In a message sent to me, Adam spelled out a series of concerns with the piece, which, though stated slightly differently from the way he wrote them in the public thread (in the public thread he basically split the argument into two posts), are mostly the same. Because they are substantively the same, I will post the one private message (or portions of it) here, in order to reply in as cohesive a fashion as possible.

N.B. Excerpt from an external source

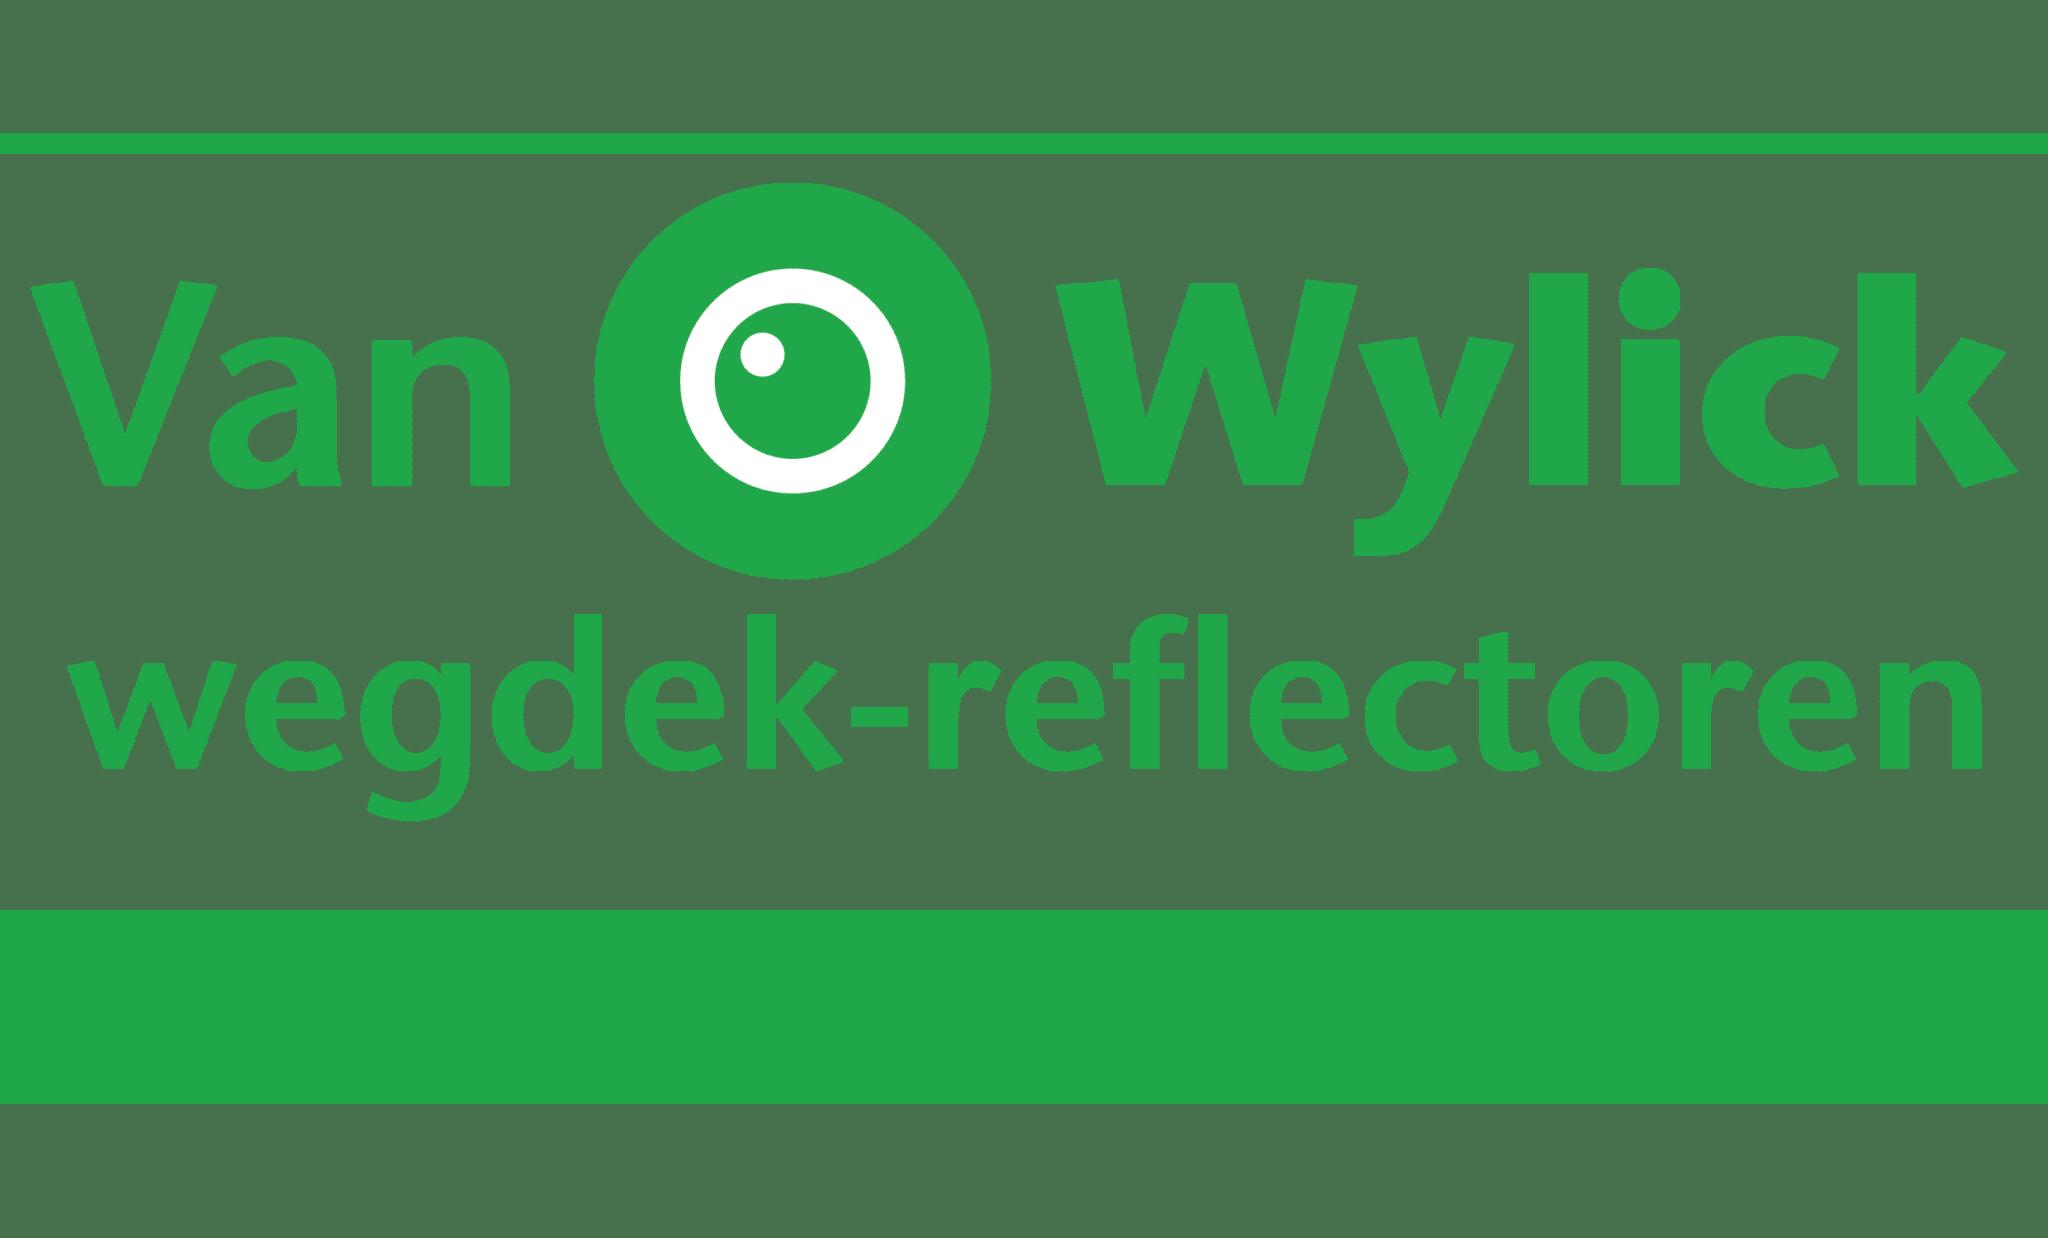 Wegdekreflectoren.nl

Among Adam’s concerns was his sense that I had been willing to “engage in broad stereotyping and outright demonization” of the people I was critiquing. To this, I might have to plead both guilty and not guilty, depending on who it is one views me as demonizing. If the accusation is that I am stereotyping and demonizing the specific bunch of people who are engaging in thuggish behavior at McCain rallies, giving unhinged interviews to reporters about Obama, spreading poisonous e-mails about him, etc., then I plead guilty. I am stereotyping fascists: they are fascists, they are dangerous, and I worry not a bit about calling them out. If it is believed that I was stereotyping and demonizing all people from small towns, or who like beer, or something like that, I was not. In the piece, not only did I note that small towns do occasionally breed both good people and crazy ones (which means, by definition, that most people in such places, as with large cities, are fairly average and neither particularly good nor bad), but I merely said that if fascism comes it will be ushered in by people such as those at these rallies (mostly from small towns, mostly gun-fanatics, mostly by their own admission anti-intellectual and suspicious of too much education, mostly far-right Christians), because it is indeed the folks in such places whose isolation and insularity (and provincialism, both geographic and intellectual) has always been the breeding ground for fascism. This is among the reason that the children of such places, when they go away to college, or even for work, in a larger community, often tell me how ill-prepared they felt for the real world, and how grateful they are to have gotten a chance to see a bigger world than what they had seen growing up.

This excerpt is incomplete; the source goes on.